Only the home secretary can grant a release to a prisoner sentenced to a whole-life order on compassionate grounds including great age or ill health. Only four prisoners known or believed to have been issued with a whole-life order have so far been released from their sentences. Three of them were IRA members who were freed under the Good Friday Agreement in 1999, having spent more than 20 years in prison for terrorist offences including murder. The other was gang member Reggie Kray, who was freed from his life sentence in August 2000 after serving 32 years (two years after the expiry of his original 30-year minimum term) due to terminal cancer; although the Home Office never confirmed that he had been issued with a whole-life order, his lengthy imprisonment and the fact that he was not paroled when his tariff expired (despite being well into his sixties) fuelled speculation that he was among the prisoners who had been issued with a whole-life order. He died a few weeks after being freed.

===Legal challenges against whole-life orders===
Three convicted murderers – Jeremy Bamber, Peter Moore and Douglas Vinter, all of whom had been sentenced to whole-life orders – applied to the European Court of Human Rights in Strasbourg for the court to declare that it is a breach of a person's rights under Article 3 of the European Convention on Human Rights for them to be sentenced to lifelong imprisonment. When the initial ruling was delivered in January 2012, the court ruled that because the whole-life orders were imposed by a judge only after consideration of the facts of each case, and because the life prisoners could apply to the home secretary for compassionate release, their whole-life orders did not breach their human rights.

A later appeal by the same men led to a ruling in July 2013 that there must be a prospect of review of whole life orders within 25 years of the sentence being issued, and that any impossibility of parole would violate their Article 3 rights. By this stage there were at least 49 prisoners serving such sentences in England and Wales.

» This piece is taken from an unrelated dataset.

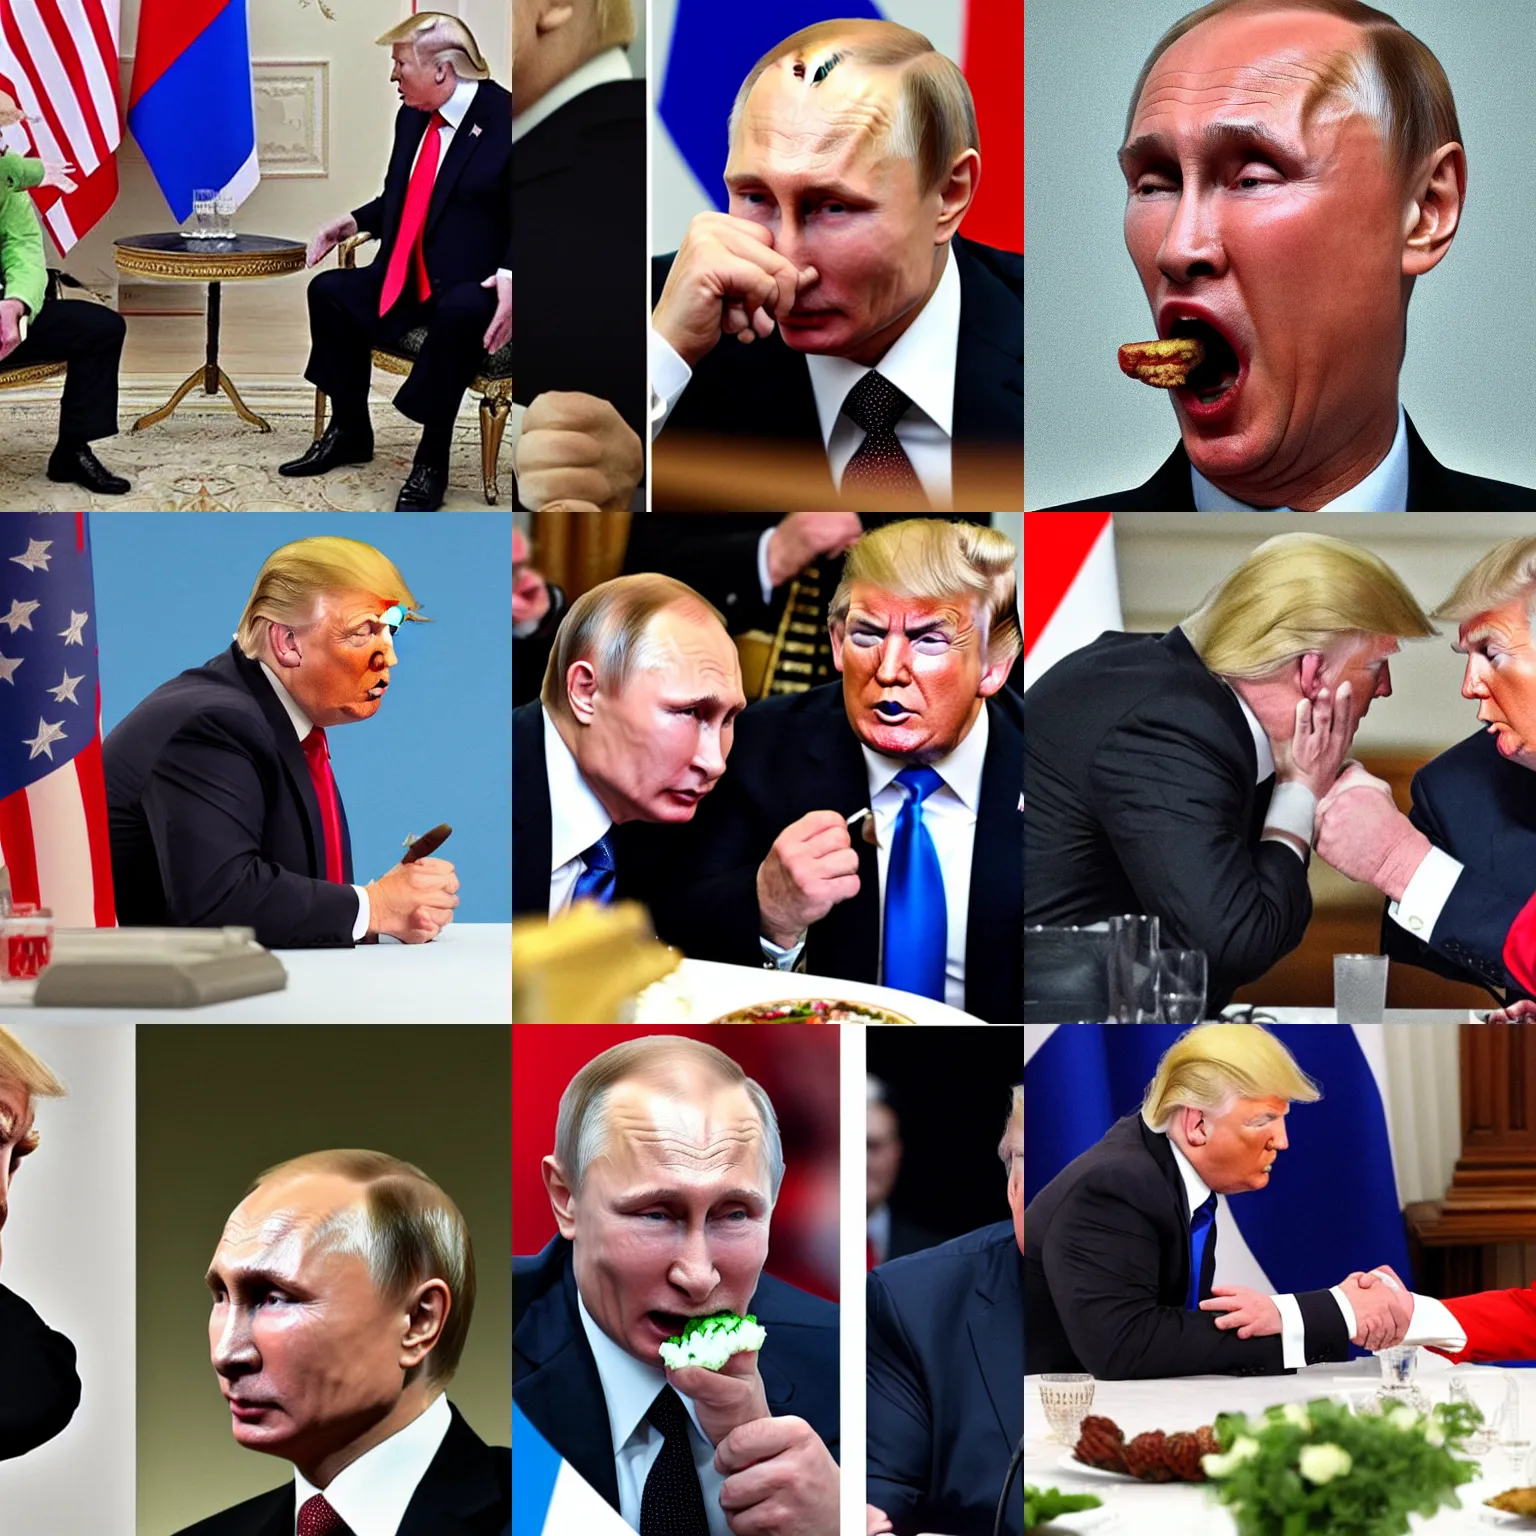 Prompt: Putin eating Trump

In February 2014, five judges at the Court of Appeal found the Strasbourg court was incorrect in concluding that the law of England and Wales never allowed whole-life orders to be reduced because the Secretary of State could reduce such orders in "exceptional circumstances", and that all "whole-life" prisoners would be entitled to a review of their sentence within 25 years of being sentenced. The whole-life order in the United Kingdom is therefore in fact not really life imprisonment without parole, but it is close to it. Lord Chief Justice Lord Thomas said whole life orders were compatible with the European Convention on Human Rights (ECHR) in the most appalling cases of murder. Thomas said further, "Judges should therefore continue as they have done to impose whole-life orders in those rare and exceptional cases. ... In our judgment the law of England and Wales therefore does provide to an offender 'hope' or the 'possibility' of release in exceptional circumstances which render the just punishment originally imposed no longer justifiable." Barrister Edward Fitzgerald said that whole-life prisoners since 2014 "are in a sort of limbo. In legal theory they have the right to a review after say 25 or 30 years in the light of their progress. But in actual practice there is no recognition of this fact in any policy statement by the Secretary for Justice and no real means of knowing what it is they must do to win release even after decades in custody".

In February 2015, the ECtHR upheld the lawfulness of whole-life orders, on the ground that they can be reviewed in exceptional circumstances, following a fresh challenge by murderer Arthur Hutchinson, who had been sentenced to life imprisonment for a triple murder in Sheffield more than 30 years earlier. Another legal challenge to the court by Hutchinson was rejected in January 2017. By this stage, there were believed to be more than 70 prisoners in England and Wales serving whole-life sentences.